- Born: Mampong, Ghana
- Occupation: entrepreneur

= Akua Sarpong-Ayisa =

Ghanaian entrepreneur

Akua Sarpong-Ayisa (born in Mampong) is a Ghanaian entrepreneur. She founded and operates the floral company "Unique Floral" which operates across West Africa. She was listed as one of Glitz 100 Inspirational Women, WomanRising's 100 Most Outstanding Women Entrepreneurs in Ghana in 2016 and 2017.

== Early life ==
Sarpong-Ayisa was born in Mampong located in the Ashanti Region of Ghana. Together with six siblings and parents, she grew up in Accra.

== Education ==
After having her basic education at St John's Preparatory School in Accra, she furthered at Oda Senior High School where she had her secondary education. From there, she went to Kwame Nkrumah University of Science and Technology where she was to study estate management but could not complete due to a temporal shutdown of the school. During the shut down of the school, she took a flight attendant course with Ghana Airways.

==Career==
Sarpong-Ayisa worked for the Ghana National Lotteries before working as a cashier at the Bank for Housing before attending university. After her post-university flight attendant course, she worked as a flight attendant for Ghana Airways for 22 years.
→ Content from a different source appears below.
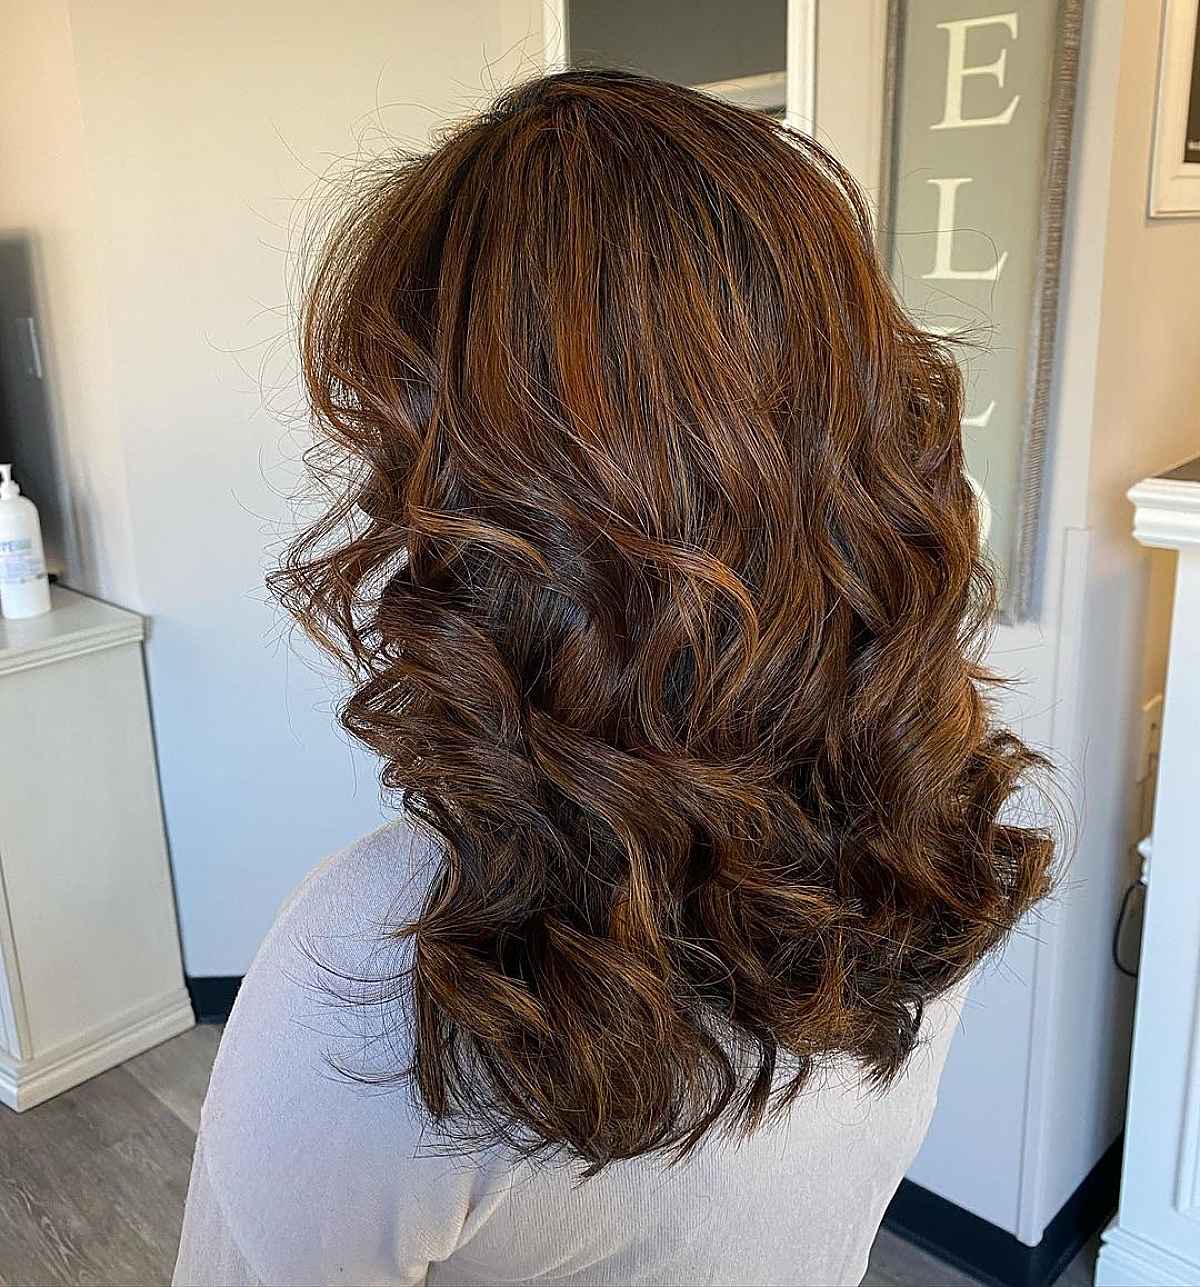 Blonde-copper highlights on dark hair

During her years as a flight attendant, Sarpong-Ayisa developed in interest in flowers. She bought exotic flowers from the Netherlands, United States, and the United Kingdom for her home and for gifts to family and friends. She began a flower business at the advice of her husband in 1991 and later named the business "Unique Floral". Her business expanded to provide flowers and floral planning services in Ghana and neighboring West African countries. Her flowers include imported flowers from South Africa, Ethiopia, and the Netherlands as well as flowers grown and selected from her 20-acre floral farm in Aburi in the Eastern Region of Ghana. Her retail floral business has expanded to open a modern flower decoration training school in Accra.

== Awards and recognition ==

- Listed among WomenRising 100 most influential women in 2016
- Listed among WomenRising 100 most influential women in 2017
- Global Center for Transformational Leadership's Global Leadership Award
- Top 100 Most Inspirational Women of the Year by Glitz Style Awards

== Personal life ==
She is married to Air Commodore (Rtd) Philip Ayisa and the couple are blessed with eight children, 3 boys and 5 girls.